From: Vladimir Davydov
Date: Wed Dec 16 2015 - 07:17:57 EST


On Tue, Dec 15, 2015 at 02:38:58PM -0500, Johannes Weiner wrote:
> On Mon, Dec 14, 2015 at 08:14:55PM +0300, Vladimir Davydov wrote:
> > On Fri, Dec 11, 2015 at 02:54:13PM -0500, Johannes Weiner wrote:
> > ...
> > > -static int
> > > -mem_cgroup_css_online(struct cgroup_subsys_state *css)
> > > +static struct cgroup_subsys_state * __ref
> > > +mem_cgroup_css_alloc(struct cgroup_subsys_state *parent_css)
> > > {
> > > - struct mem_cgroup *memcg = mem_cgroup_from_css(css);
> > > - struct mem_cgroup *parent = mem_cgroup_from_css(css->parent);
> > > - int ret;
> > > -
> > > - if (css->id > MEM_CGROUP_ID_MAX)
> > > - return -ENOSPC;
> > > + struct mem_cgroup *parent = mem_cgroup_from_css(parent_css);
> > > + struct mem_cgroup *memcg;
> > > + long error = -ENOMEM;
> > >
> > > - if (!parent)
> > > - return 0;
> > > + memcg = mem_cgroup_alloc();
> > > + if (!memcg)
> > > + return ERR_PTR(error);
> > >
> > > mutex_lock(&memcg_create_mutex);
> >
> > It is pointless to take memcg_create_mutex in ->css_alloc. It won't
> > prevent setting use_hierarchy for parent after a new child was
> > allocated, but before it was added to the list of children (see
> > create_css()). Taking the mutex in ->css_online renders this race
> > impossible. That is, your cleanup breaks use_hierarchy consistency
> > check.
> >
> > Can we drop this use_hierarchy consistency check at all and allow
> > children of a cgroup with use_hierarchy=1 have use_hierarchy=0? Yeah,
> > that might result in some strangeness if cgroups are created in parallel
> > with use_hierarchy flipped, but is it a valid use case?

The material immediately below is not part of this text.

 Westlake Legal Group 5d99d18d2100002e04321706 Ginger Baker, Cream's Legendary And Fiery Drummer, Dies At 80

I surmise, one
> > just sets use_hierarchy for a cgroup once and for good before starting
> > to create sub-cgroups.
>
> I don't think we have to support airtight exclusion between somebody
> changing the parent attribute and creating new children that inherit
> these attributes. Everything will still work if this race happens.
>
> Does that mean we have to remove the restriction altogether? I'm not
> convinced. We can just keep it for historical purposes so that we do
> not *encourage* this weird setting.

Well, legacy hierarchy is scheduled to die, so it's too late to
encourage or discourage any setting regarding it.

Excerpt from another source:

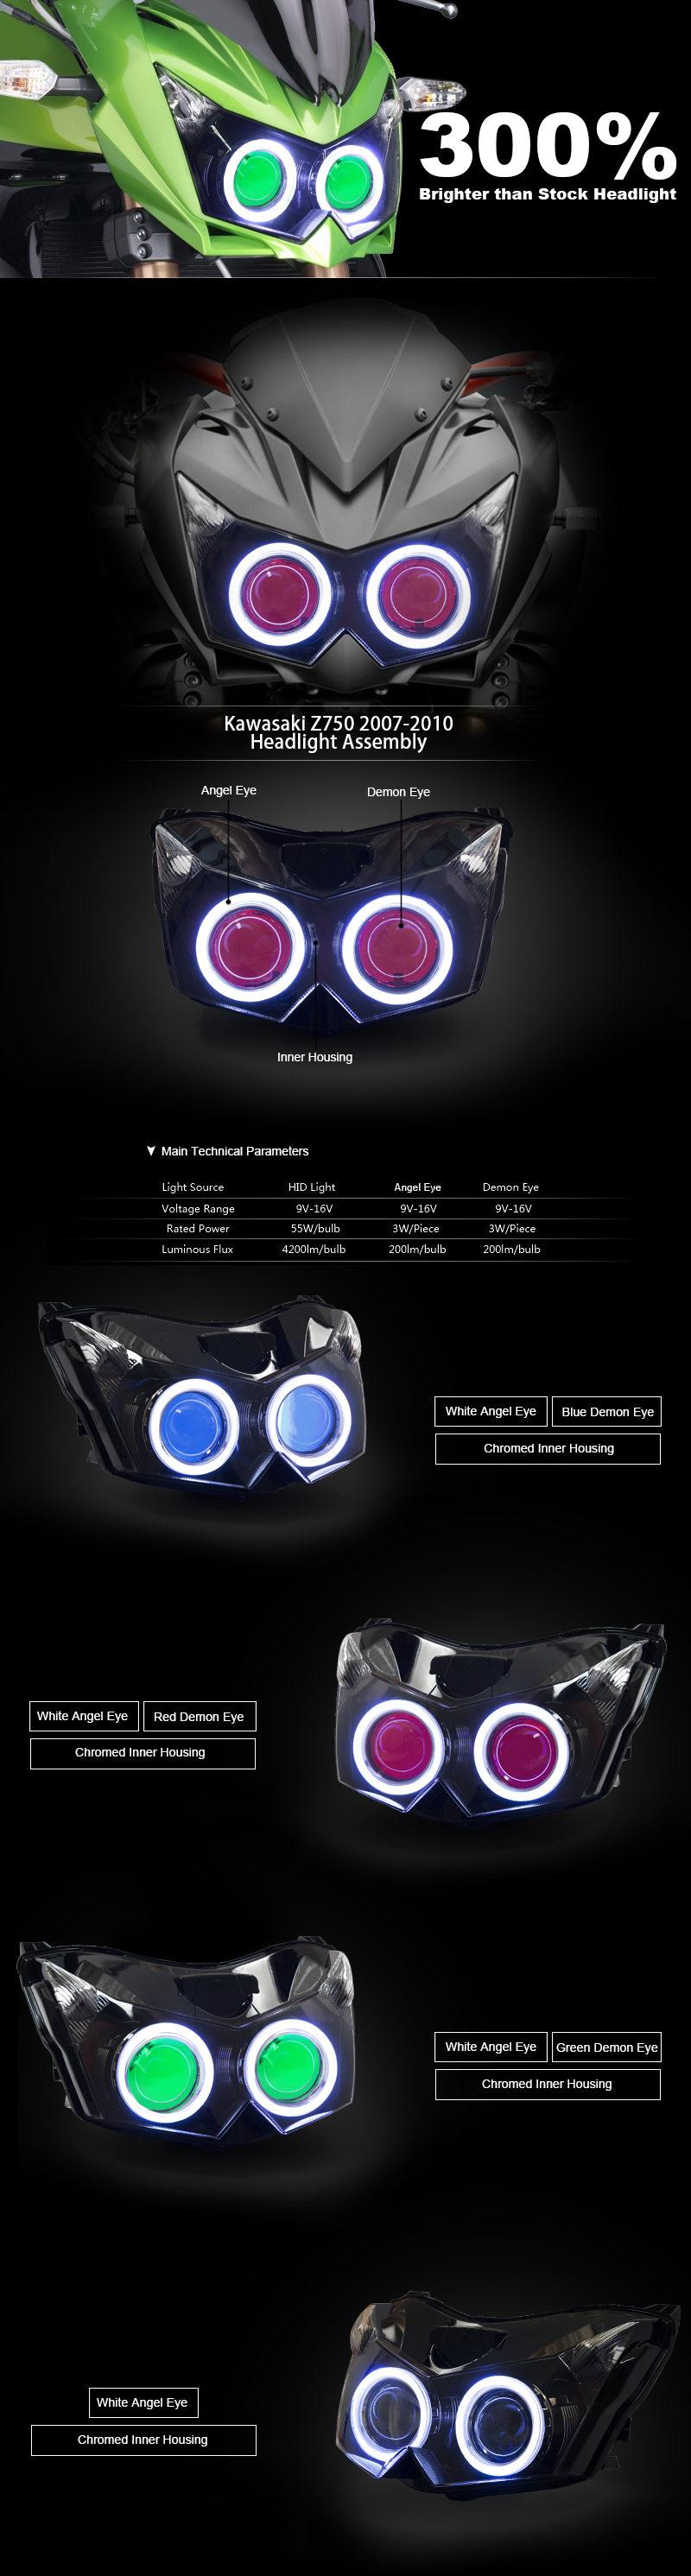 Z750 Headlight 2007 2008 2009 2010

Besides, hierarchy mode must be enabled for 99% setups, because this is
what systemd does at startup. So I don't think we would hurt anybody by
dropping this check altogether - IMO it'd be fairer than having a check
that might sometimes fail.

It's not something I really care about though, so I don't insist.

>
> I think that's good enough. Let's just remove the memcg_create_mutex.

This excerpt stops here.